[petsc-users] Error with SuperLU_DIST (mkl related?)
Satish Balay
balay at mcs.anl.gov
Sat Dec 31 12:39:10 CST 2016
Ok - one more place superlu_dist stores version number - that needs updating with every release.
cc:ing Sherry
Satish
On Sat, 31 Dec 2016, Eric Chamberland wrote:
> I think there is definitly a problem.
>
> After looking at the files installed either from petsc-master tarball or the
> manual configure I just did with --download-superlu_dist-commit=v5.1.3, the
> file include/superlu_defs.h have these values:
>
> #define SUPERLU_DIST_MAJOR_VERSION 5
> #define SUPERLU_DIST_MINOR_VERSION 1
> #define SUPERLU_DIST_PATCH_VERSION 0
>
> What's wrong?
>
> Eric
>
>
> Le 2016-12-31 à 13:26, Eric Chamberland a écrit :
> > Ah ok, I see! Here look at the file name in the configure.log:
> >
> > Install the project...
> > /usr/bin/cmake -P cmake_install.cmake
> > -- Install configuration: "DEBUG"
> > -- Installing: /opt/petsc-master_debug/lib/libsuperlu_dist.so.5.1.0
> > -- Installing: /opt/petsc-master_debug/lib/libsuperlu_dist.so.5
> >
> > It is saying 5.1.0, but in fact you are right: it is 5.1.3 that is
> > downloaded!!! :)
> >
> > And FWIW, the nighlty automatic compilation of PETSc starts within a brand
> > new and empty directory each night...
> >
> > Thanks to both of you again! :)
> >
> > Eric
> >
> >
> > Le 2016-12-31 à 13:17, Satish Balay a écrit :
> > > ===============================================================================
> > > Trying to download
> > > git://https://github.com/xiaoyeli/superlu_dist for SUPERLU_DIST
> > > ===============================================================================
> > > Executing: git clone
> > > https://github.com/xiaoyeli/superlu_dist
> > > /pmi/cmpbib/compilation_BIB_gcc_redhat_petsc-master_debug/COMPILE_AUTO/petsc-master-debug/arch-linux2-c-debug/externalpackages/git.superlu_dist
> > > stdout: Cloning into
> > > '/pmi/cmpbib/compilation_BIB_gcc_redhat_petsc-master_debug/COMPILE_AUTO/petsc-master-debug/arch-linux2-c-debug/externalpackages/git.superlu_dist'...

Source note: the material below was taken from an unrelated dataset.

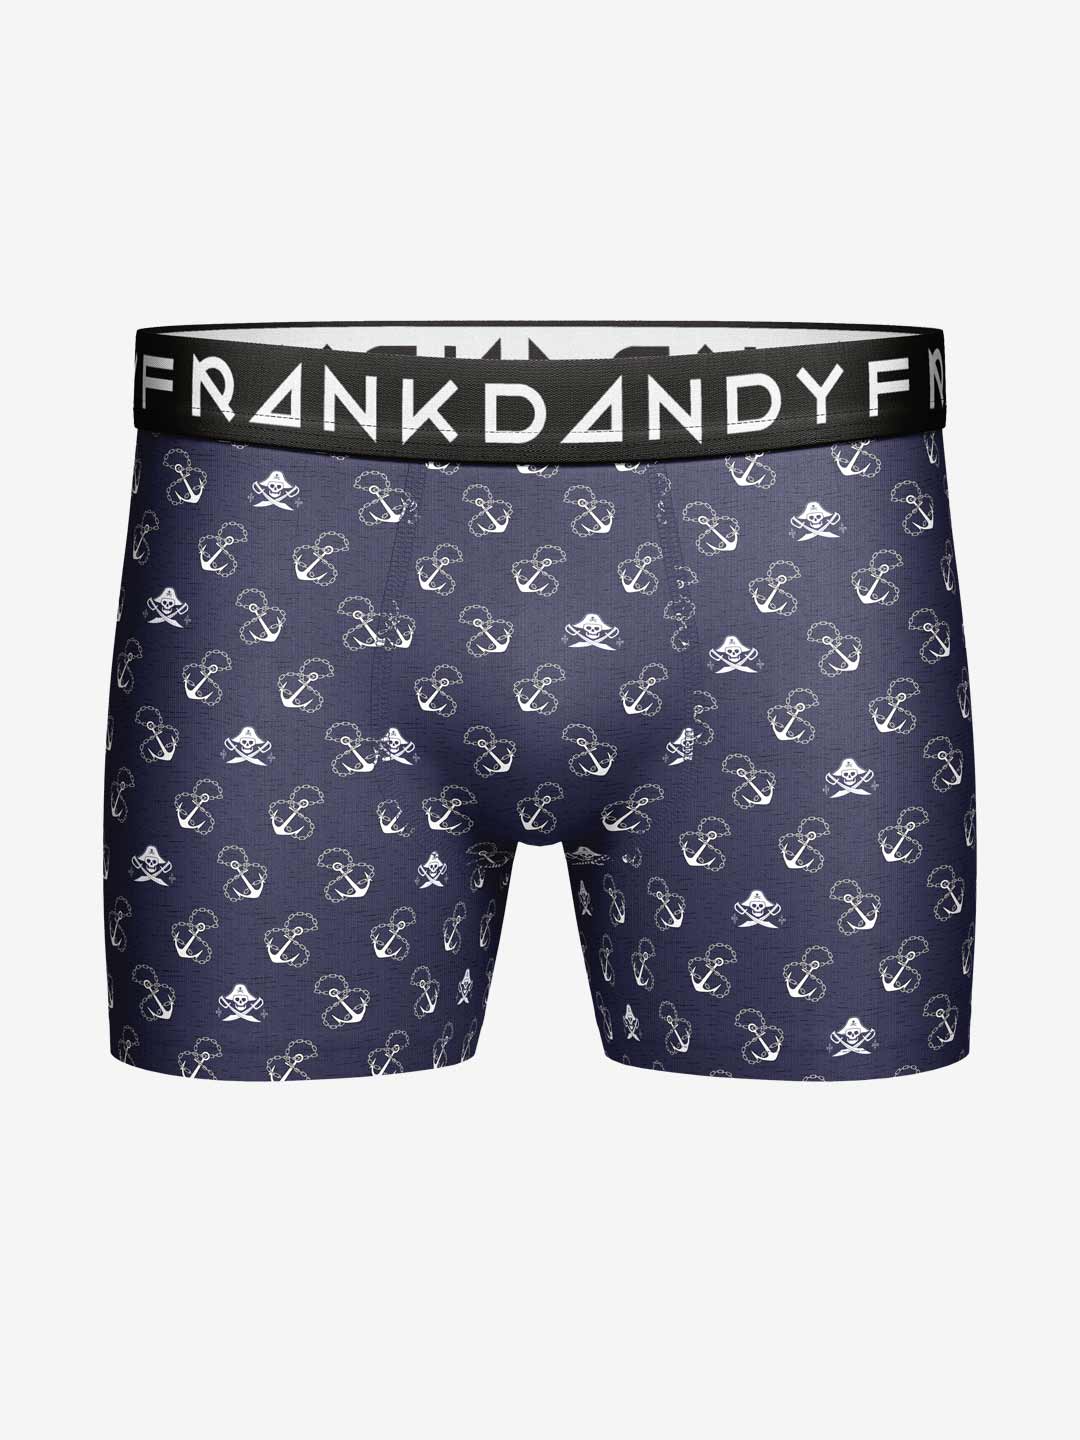 Frank Dandy Seven Seas Boxer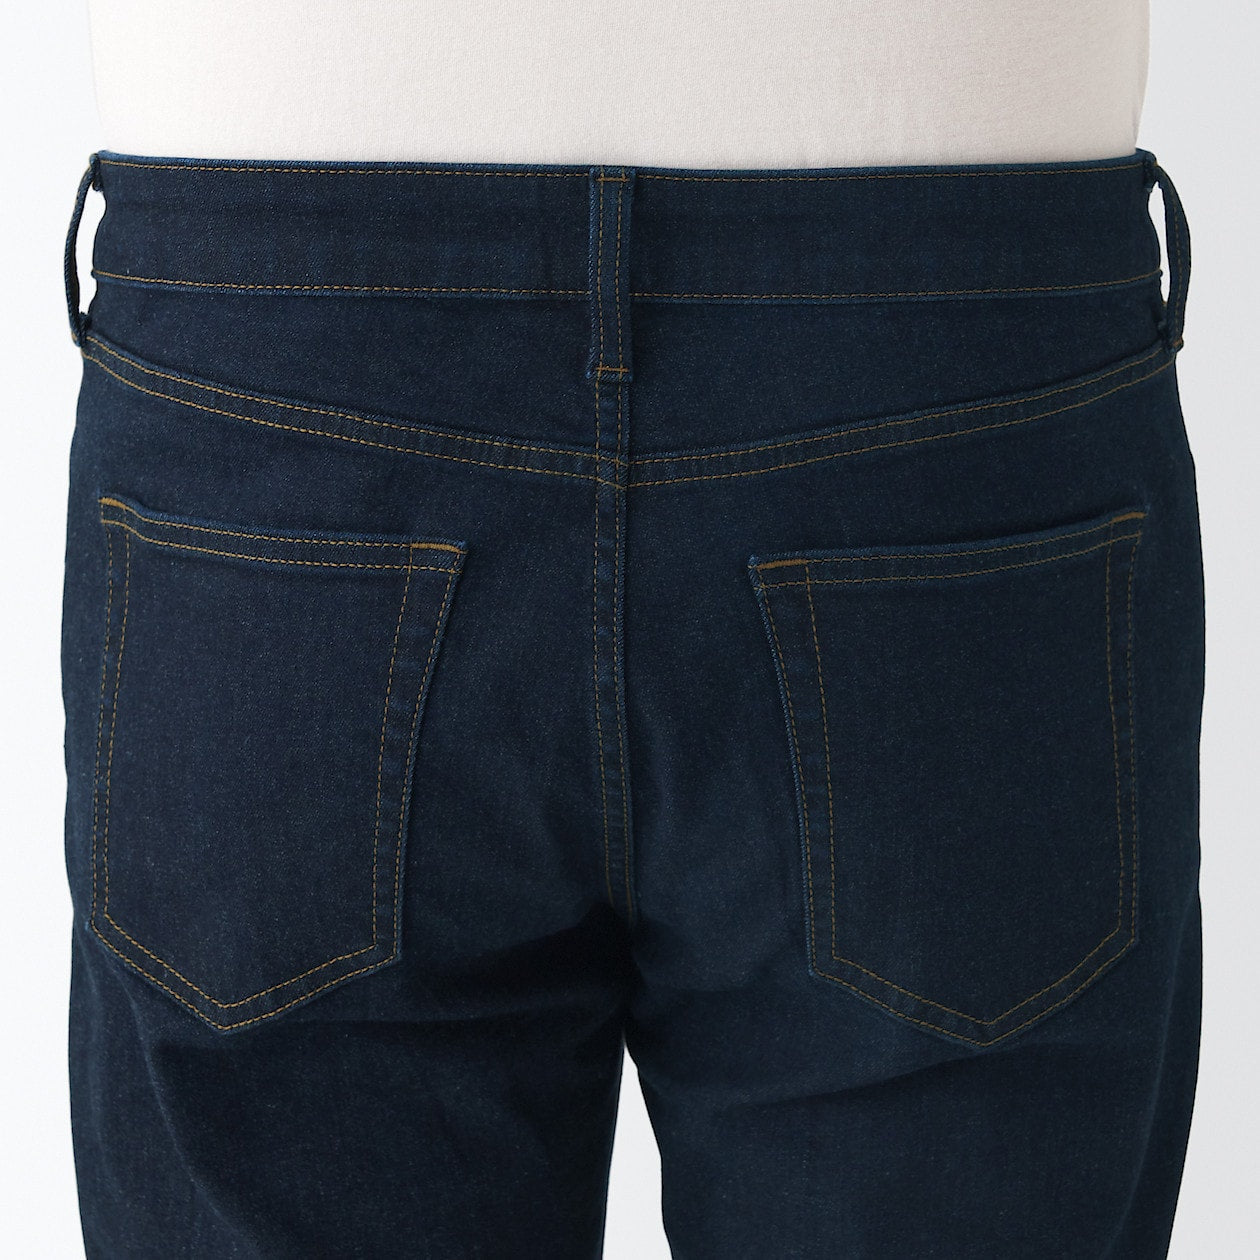 Men's Super Stretch Denim Skinny Pants Dark Navy (L 30inch / 76cm

> > > Looking for SUPERLU_DIST at git.superlu_dist,
> > > hg.superlu_dist or a directory starting with ['superlu_dist']
> > > Found a copy of SUPERLU_DIST in git.superlu_dist
> > > Executing: ['git', 'rev-parse', '--git-dir']
> > > stdout: .git
> > > Executing: ['git', 'cat-file', '-e', 'v5.1.3^{commit}']
> > > Executing: ['git', 'rev-parse', 'v5.1.3']
> > > stdout: 7306f704c6c8d5113def649b76def3c8eb607690
> > > Executing: ['git', 'stash']
> > > stdout: No local changes to save
> > > Executing: ['git', 'clean', '-f', '-d', '-x']
> > > Executing: ['git', 'checkout', '-f',
> > > '7306f704c6c8d5113def649b76def3c8eb607690']
> > > <<<<<<<<
> > >
> > > Per log below - its using 5.1.3. Why did you think you got 5.1.0?
> > >
> > > Satish
> > >
> > > On Sat, 31 Dec 2016, Eric Chamberland wrote:
> > >
> > > > Hi,
> > > >
> > > > ok I will test with 5.1.3 with the option you gave me
> > > > (--download-superlu_dit-commit=v5.1.3).
> > > >
> > > > But from what you and Matthew said, I should have 5.1.3 with
> > > > petsc-master, but
> > > > the last night log shows me library file name 5.1.0:
> > > >
> > > > http://www.giref.ulaval.ca/~cmpgiref/petsc-master-debug/2016.12.31.02h00m01s_configure.log
> > > >
> > > >
> > > > So I am a bit confused: Why did I got 5.1.0 last night? (I use the
> > > > petsc-master tarball, is it the reason?)
> > > >
> > > > Thanks,
> > > >
> > > > Eric
> > > >
> > > >
> > > > Le 2016-12-31 à 11:52, Satish Balay a écrit :
> > > > > On Sat, 31 Dec 2016, Eric Chamberland wrote:
> > > > >
> > > > > > Hi,
> > > > > >
> > > > > > I am just starting to debug a bug encountered with and only with
> > > > > > SuperLU_Dist
> > > > > > combined with MKL on a 2 processes validation test.
> > > > > >
> > > > > > (the same test works fine with MUMPS on 2 processes).
> > > > > >
> > > > > > I just noticed that the SuperLU_Dist version installed by PETSc
> > > > > > configure
> > > > > > script is 5.1.0 and the latest SuperLU_DIST is 5.1.3.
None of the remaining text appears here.